Our secret source, whose insider guidance is continuing the exposure of incompetence that was first revealed with Freedom of Information Act requests, has also shone a light on the content of the those few handwritten notes that Johnson has released.  Yes, that’s right!  Johnson, when backed into a corner and under pressure of contemplation of the very large fines the Information Commissioner’s Office can hand out, has suddenly discovered that he has written notes on some, and not others.  His consistency is rather lapse.  Could it be due to the fact he has written some things he does not want to disclose so he says no notes were taken?

Nah, can’t be that, can it?

Does Johnson not know that each and every review he conducted was recorded in high definition audio sampled at 256 Kbps?  Our very own ‘Deep Throat‘ has confirmed to us that the force knows this.  But given what Johnson has been writing it seems that this information has by-passed him.

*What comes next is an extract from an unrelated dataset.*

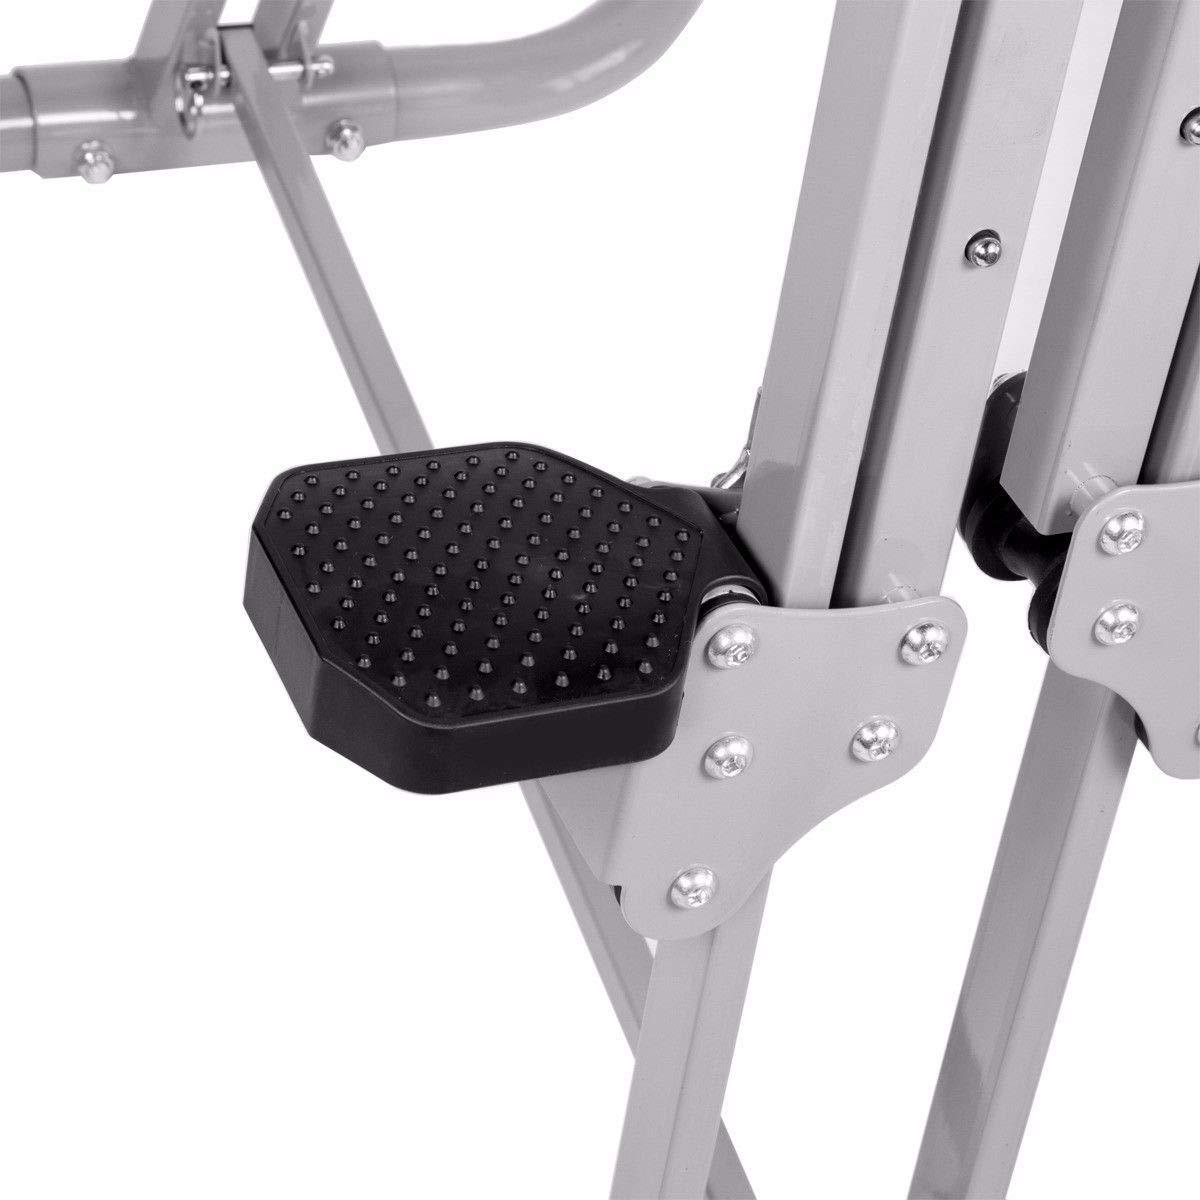 XtremepowerUS Vertical Climber Fitness Cardio Exercise Machine by XtremepowerUS (Image #9)

For the benefit of the Police Pension Authority who has to defend the decision of Johnson – A SMP can not revisit the original diagnosis. So, if that is what he is doing – writing up notes some time after the sessions, in such a way as to try to justify his part in what were all unlawfully held reviews, then he is essentially and effectively revisiting his decision. He can’t be recorded as stating that he, ‘sees no change’ in an individual’s degree of disablement then make notes some time later which contradict that decision. If this goes to a PMAB or to judicial review, then he will look very silly indeed.

Also, the merits or otherwise of a previous diagnosis are out of bounds. The earlier decision on the duty injury and its causation is a final decision and cannot be revisited. There is no point in a SMP doing anything other than accept the earlier decision and he should not be going anywhere near thinking that the original decision was not one he would have come to.  This legal impediment doesn’t stop our flexible unfriendly medic.  He was quite willing to put in undated handwritten notes of one session that in his view the original diagnosis of  duty injury was wrong. You could not make this stuff up. Just how limp is Johnson’s grasp of the Regulations and associated case law?

A police officer’s pocket book entry kept in the same manner would be ridiculed in a court of law.  Johnson will similarly be demolished should this go to a police medical appeals board. The Board does not suffer fools gladly.

Perhaps, instead of spending time making up notes months after the event, Johnson ought to read the appeal court case of LAWS:

Metropolitan Police Authority
Appellant
– and –

Belinda Laws
Respondent
– and –

Police Medical Appeals Board

Regulation 37(1) then provides for periodic reviews at which the authority is to consider “whether the degree of the pensioner’s disablement has altered”. On the judge’s approach this does not allow the SMP or the Board to redetermine the merits of any earlier decision of either

repeated  by Simpson:

THE QUEEN on the application of SIMPSON

Claimant
– and –

(1) POLICE MEDICAL APPEAL BOARD

(2) SECRETARY OF STATE FOR THE
HOME DEPARTMENT

(3) NORTHUMBRIAN POLICE AUTHORITY

It is not open to the SMP/PMAB to reach a different decision in relation to the fact of disablement, whether the disablement is likely to be permanent or whether the disablement resulted from a duty injury

It’s your choice, Johnson. Salvage what is left of your professional reputation by telling the truth now, about how you have been taken for a ride and how, once you jumped on the gravy train that was promised to you – namely several hundred cut and dried reviews of compliant sheep-like former officers at several hundred pounds a pop – you could not jump off the train without breaking your reputation.

Or you can continue to lie and make things up as you go along, in which case circumstances will rapidly spiral beyond your control and the consequences will be very severe indeed.